The database team knew it had a wealth of information buried within the comment
fields of many records. More specifically, they were looking for information on consumer
ownership of large, consumer durables. Most important were boats, recreational vehicles,
motor homes and motor vehicles. The challenge, therefore, was to scrutinize the comment
field, investigate and parse out the valued data components, and create and populate new
fields with data derived from the comment field content.

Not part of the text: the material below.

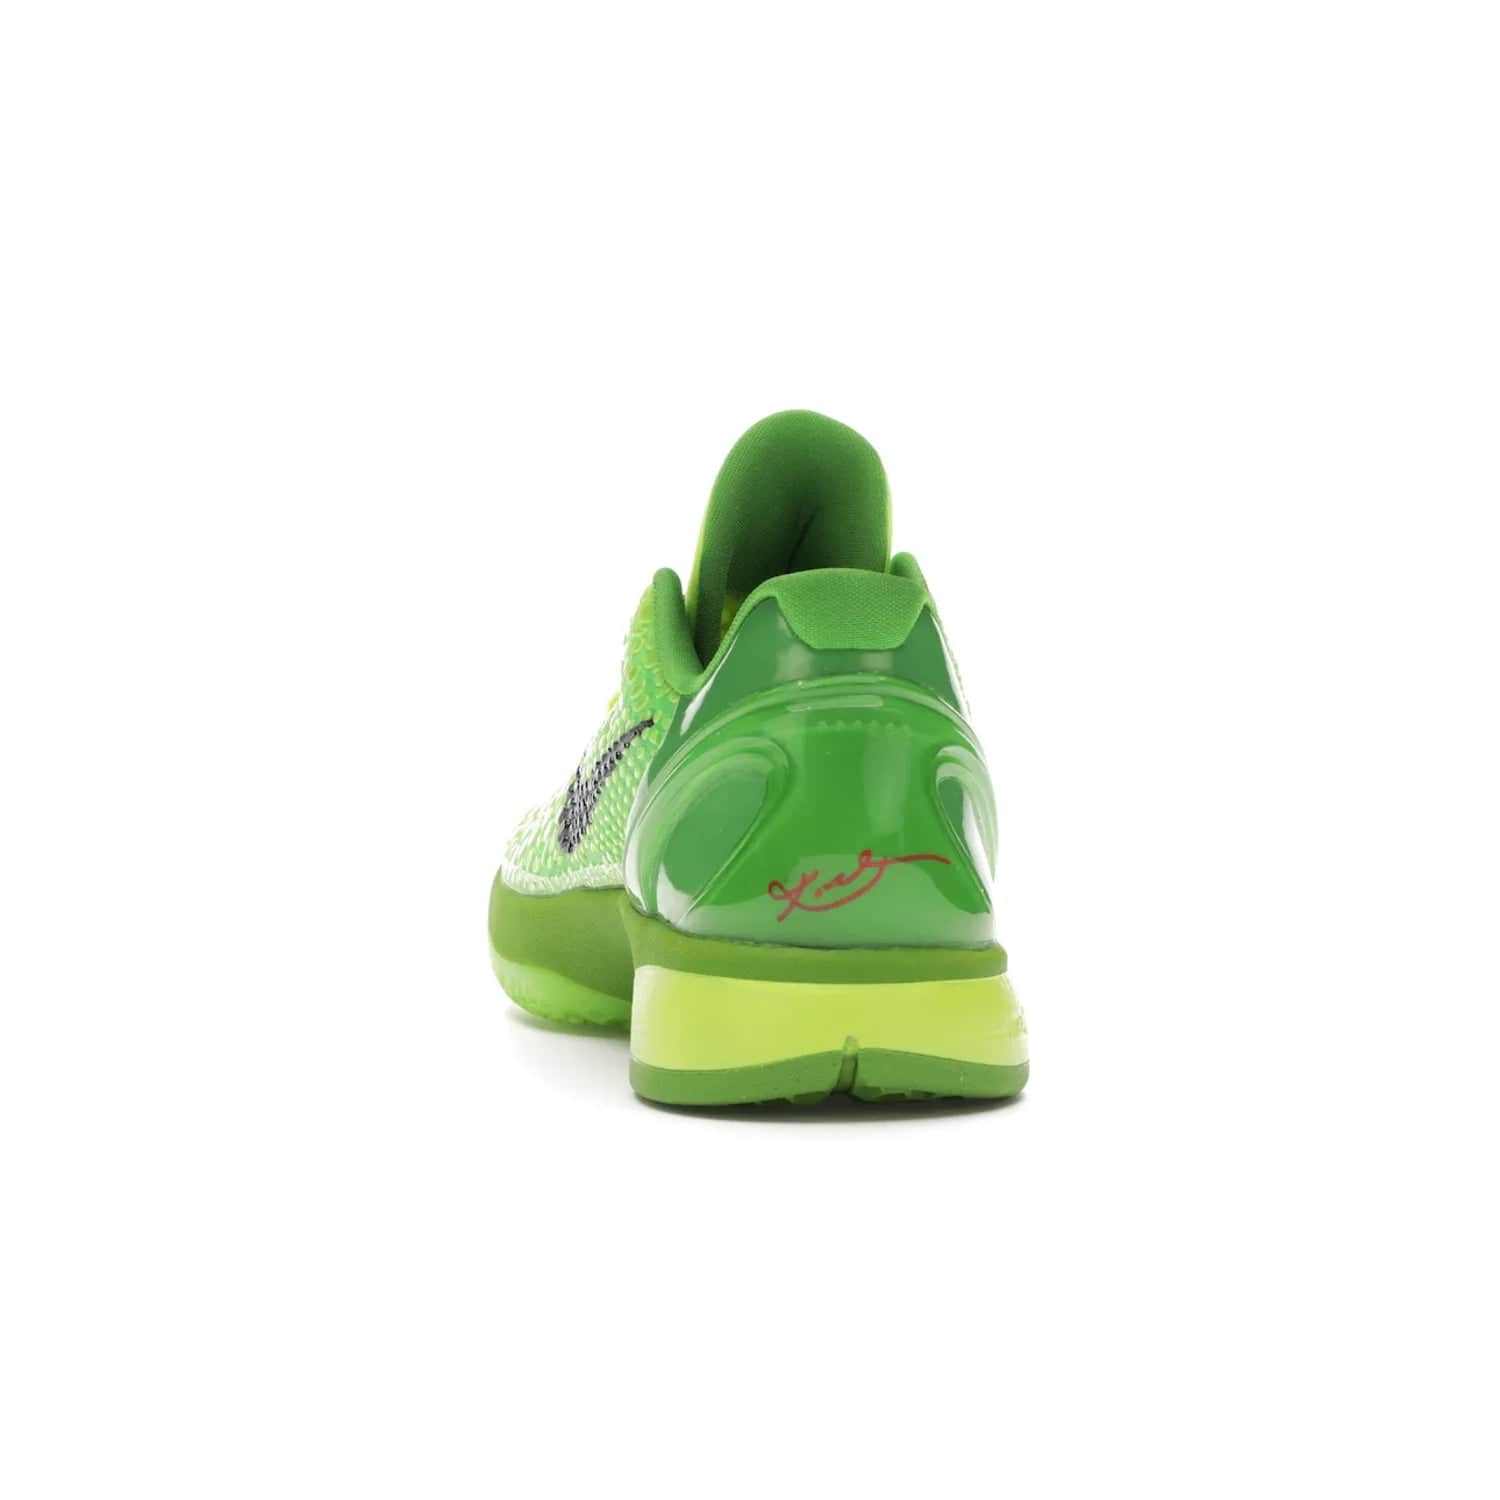 Nike Kobe 6 Protro Grinch (2020) - Image 27 - Only at www.BallersClubKickz.com - #
The Nike Kobe 6 Protro Grinch updates the iconic 2011 design with modern tech like a Zoom Air cushioning system, scaled-down traction, and updated silhouette. Experience the textured Green Apple and Volt upper plus bright red and green accents for $180.

The targeted quantity of data was large, but not enormous by Trans Union standards: 27
million individual records containing comment fields. Fast turnaround of the data on a
Windows NT platform was the goal, because new data is always in demand. Trans Union
also didn’t want to get into a protracted code-writing exercise that would tax its time and
resources. It needed a versatile data-cleansing solution that could be implemented very
quickly.
The database team realized that they needed a solution that could scan free-form text,
standardize and transform the extracted data, and create new fields that would be
populated with intelligence gathered during the cleansing process. The solution would
have to be robust enough to handle large volumes of data and simple enough for Trans
Union to quickly learn.
Trans Union wanted to develop a standardized set of enterprise business rules for data
quality management that could be shared across existing and future platforms. Specifically,
the company needed a versatile tool that could reach deep within the complex product
data and provide repeatable and reusable business rules for data cleansing.
the solution
Trans Union chose the Trillium Software System® for its ability to clean and standardize
large volumes of generalized data from multiple sources. The Trillium Software System’s
user-defined transformation and data-filling capabilities, as well as its data element repair
facilities, are unique among solutions that operate in multiplatform environments.
It was the Trillium Software System’s specific ability to understand, elementize and create
a distribution of words and phrases from within floating, free-form text that made it a
perfect fit for Trans Union. The company understood that the Trillium Software System
could meet the immediate need for data reengineering and fill an expanded role in future
projects. Trans Union initially assigned a team of three to the project: a project manager, a
programmer and a research analyst. The team’s first step was to compile a comprehensive
listing of boats, RVs, motor homes and other vehicles made and sold in the previous ten
years, and enter them into tables and parameters for data comparisons.
the results
As a result of its initial data reengineering, Trans Union has created a new suite of products
that allows the company to identify owners of specific types of major consumer durables.
Trans Union went live with its data-cleansing project within one week of initial training
on the system.
“We were able to identify 14 million records—a full 50 percent more than what we had
imagined—that had vehicle category information we could append to our customer
database,” the database construction team leader stated.
Contd...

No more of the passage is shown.